Last Updated on May 31, 2023 by Prepbytes

An expression can be represented using the notations Infix, Prefix, and Postfix. Every notation corresponds to the same expression when written in a different way. Using the stack data structure, changing from one notation to another is comparatively easy. Let’s explore Infix and Postfix notations in more detail in this post and discover how to convert Infix to Postfix.

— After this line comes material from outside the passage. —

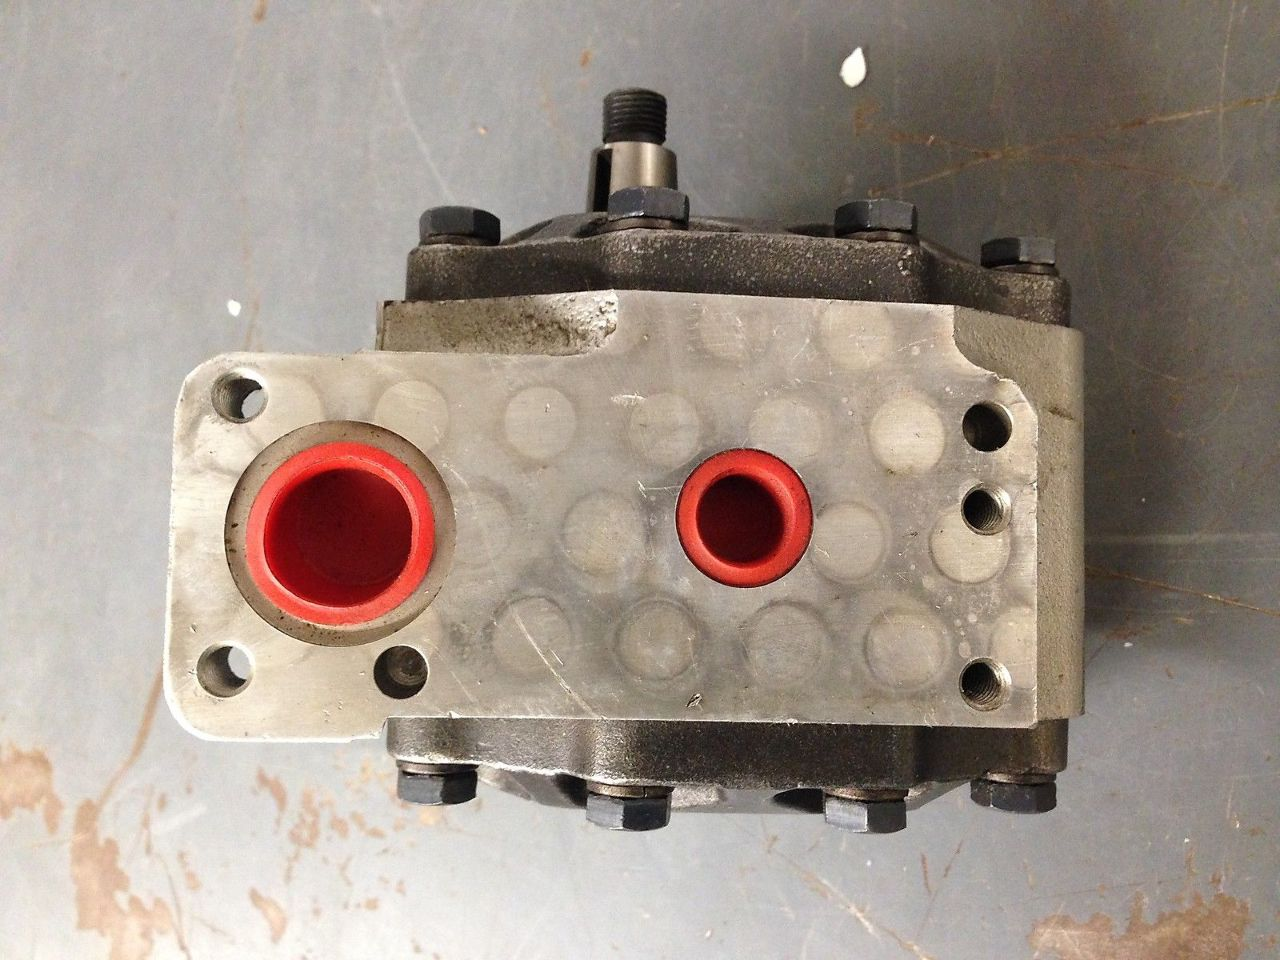 Case Garden Tractor Hydraulic Pump : Oem case ih c hydraulic gear pump s lotastock

There are three different notations—or ways to write an expression with operators, operands, and brackets—depending on the placement of the operators and operands: infix notation, postfix notation, and prefix notation. While postfix notation is simpler for a computer, like a calculator, to evaluate, infix notation is simpler for us to read. This is due to the fact that in a postfix operation, operators are evaluated sequentially from left to right, negating the requirement for brackets and clearing up any doubt regarding operator precedence. In the parts that follow, we shall study more about them in depth.

What is Infix Notation?

Infix notation is a method of writing mathematical expressions where the operators are placed between the operands. It is the most commonly used notation in mathematics and everyday arithmetic. For example, the expression "2 + 3" is written in infix notation, where the plus sign (+) is placed between the operands 2 and 3.

Syntax of Infix Notation

The syntax of infix notation is X op Y.

Example – The ‘+’ operator would be placed between the operands 3 and 4 if we wanted to add the numbers 3 and 4. Infix notation will therefore be 3 + 4.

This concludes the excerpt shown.